Этот год был для Боркхаузена очень тяжел. Тех двух тысяч, которые ему перевела фрау Гэберле, он тоже не получил. Почта, в ответ на его просьбу о переводе этих денег, сообщила ему, что они изъяты гестапо, так как получены преступным путем, и пусть он свяжется с гестапо. Нет, Боркхаузен не связался с гестапо. Он не желал больше иметь никакого дела с этим бесчестным Эшерихом, и Эшерих больше никогда не посылал за Боркхаузеном.

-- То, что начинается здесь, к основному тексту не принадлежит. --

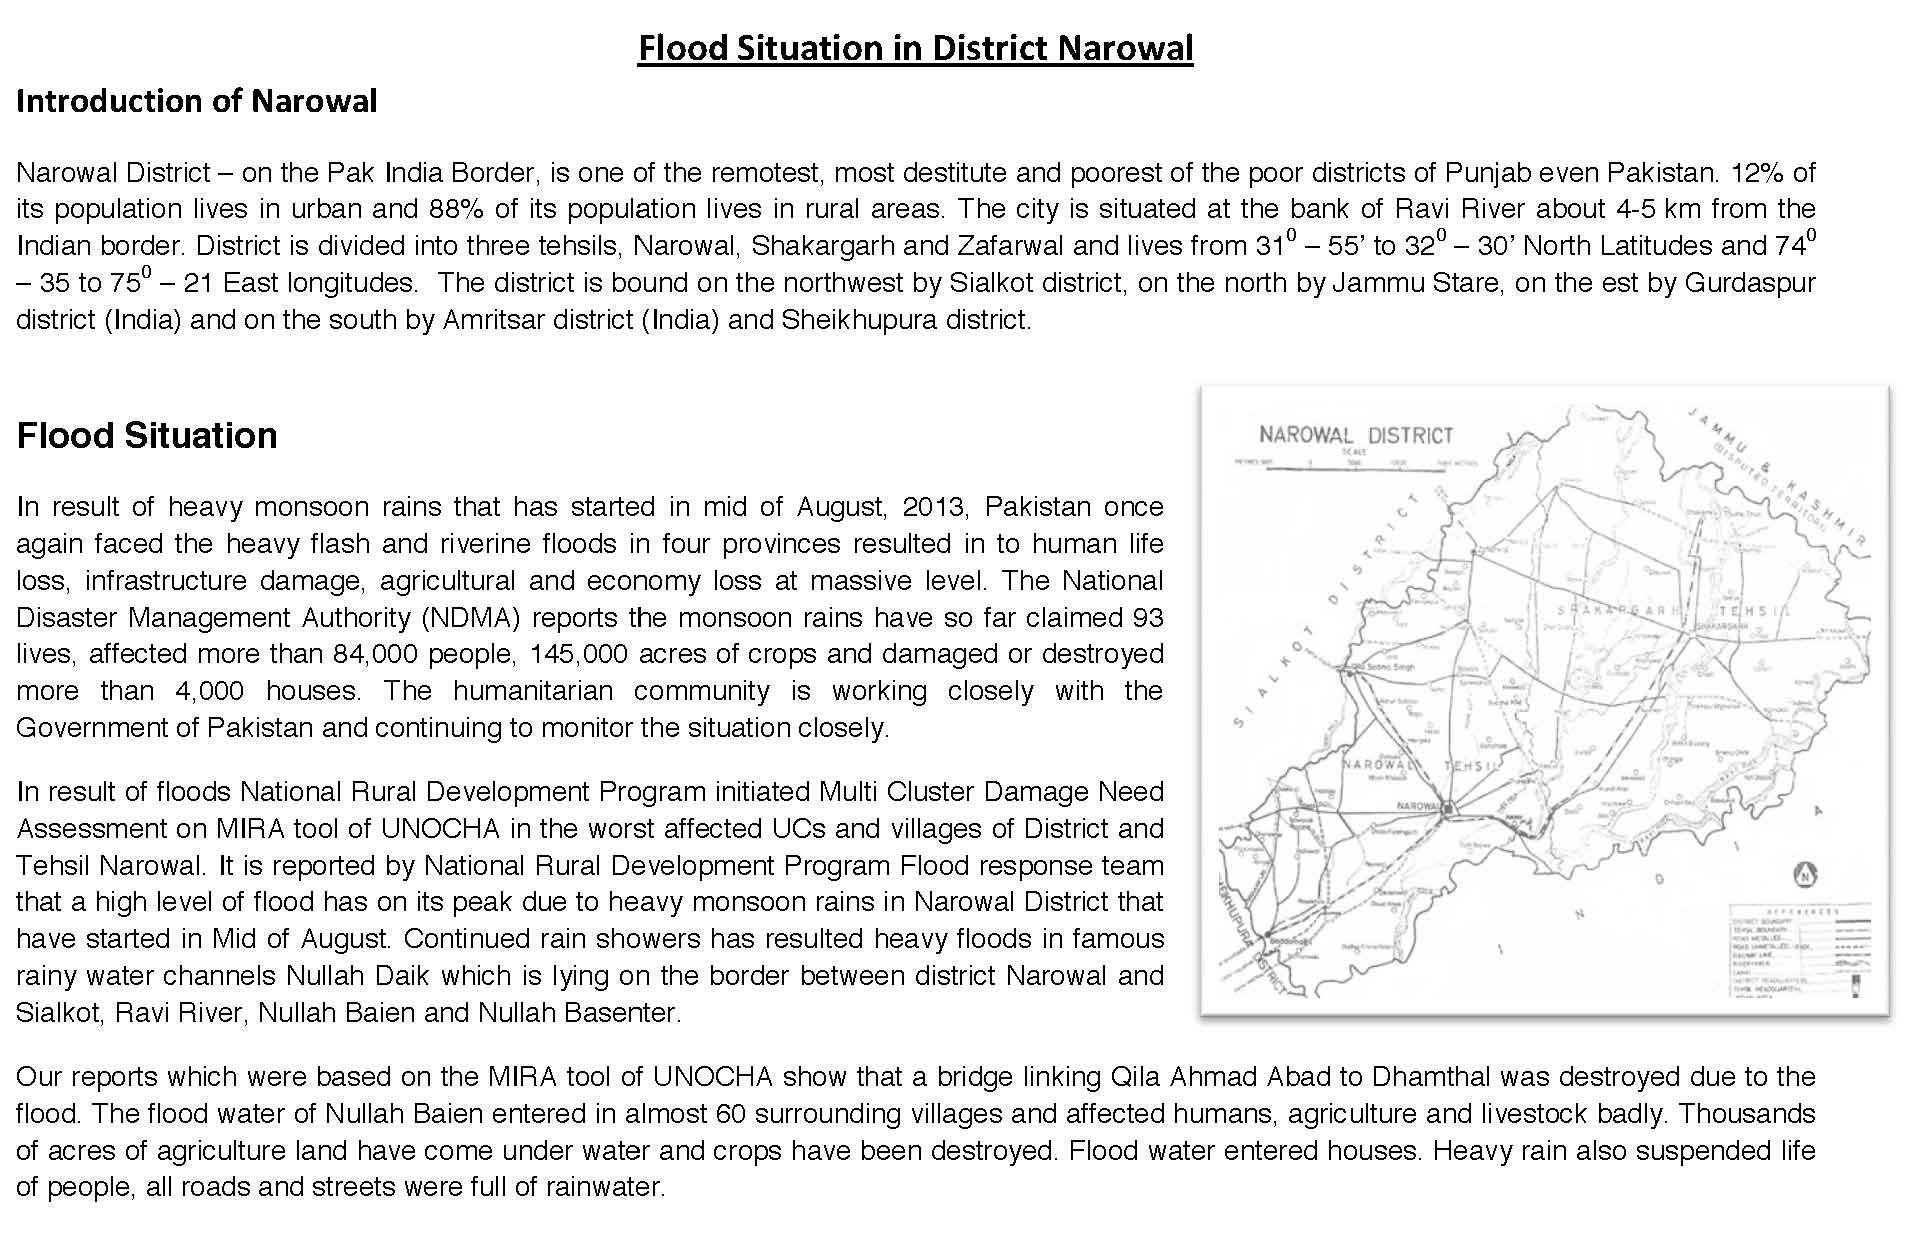 Mobile Health Unit Report - NRDP Narowal

Итак, все провалилось; но еще хуже было то, что Куно-Дитер совсем не вернулся домой. Сначала Боркхаузен все еще повторял про себя: «Ну, подожди у меня! Только покажись!» рисовал себе картины порки и грубо обрывал Отти, когда она со страхом спрашивала, куда делся ее любимчик.
Однако, неделя шла за неделей, и без Куно-Дитера его положение дома сделалось почти нестерпимым. Отти стала просто ведьмой и превратила его жизнь в сущий ад. Ему было, в конце концов, все равно, пусть парень хоть совсем не возвращается, тем лучше: одним обжорой на его шее меньше… Но Отти просто как бешеная становилась от беспокойства за своего любимца, казалось, она и дня не может прожить без Куно-Дитера, а раньше она ведь и по отношению к нему не скупилась на брань и побои.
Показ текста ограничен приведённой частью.